Hacker News new | ask | show | jobs
by dcolkitt 2008 days ago
> After they have gather all the insights they can from Clojure and its ecosystem (which is a worthy endeavor IMO)

Just out of curiosity, what do you mean by this? I've never used Clojure, but have done a fair bit of hacking in other Lisp dialects. Do you (or anyone with an opinion) think there's some insight benefit to Clojure specifically vis-a-vis Racket/Scheme/etc?

2 comments

Production implementations of persistent data structures in an industrial VM plus abstractions for state management, polymorphism, concurrency, the sequence abstraction, etc... It just gives more things for day-to-day programming. While Scheme gives you good foundations, you have to build a lot stuff yourself, it's too primitive (haven't follow Scheme since R5RS). But it's really mostly about the literal data structures and leveraging them anywhere you can to represent information, it's maps everywhere. Data oriented solutions is the common term use in the community. This answer by one the Clojure maintainers sums it up better than me: https://news.ycombinator.com/item?id=25377022

Racket extends Scheme with useful stuff too for everyday programming but Clojure's immutable data structures with its big library of functions for manipulating them in a nice abstract generic way, with the fact that in runs in the JVM gives it a big edge for "real world" programming IMO. You do need strong knowledge of Java and the JVM for critical services.

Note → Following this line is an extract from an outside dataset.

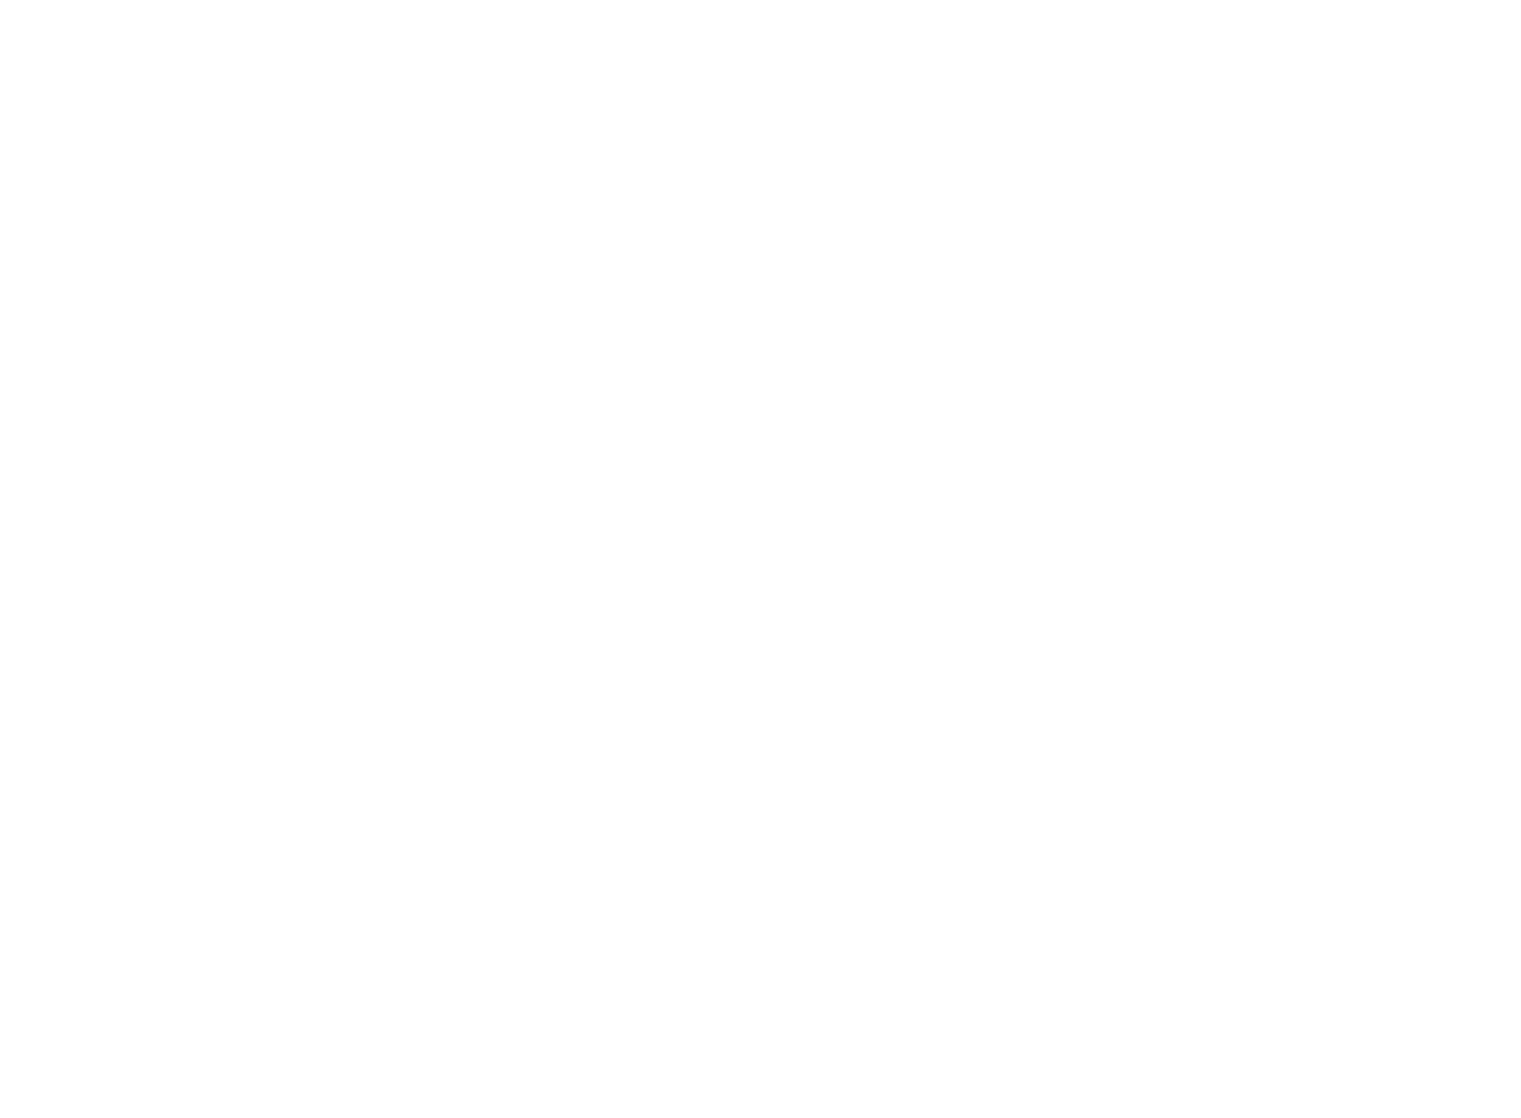 Produced by Kentucky Venues

Almost all your knowledge of Racket and Scheme will transfer and be valuable for Clojure, so you already know most of it and have a big head start if you plan to learn it.

Some of the top reasons for me:

* immutability with persistent data structures

* csp with core.async

* encourages designing a data-driven functional core with an imperative shell

* powerful REPL (better than python / scheme / racket, worse than SBCL)

* multi-platform (backend / browser / mobile through react native)

* easy and comprehensive testing because of several factors: functional nature, dynamic binding of vars, generative testing, etc.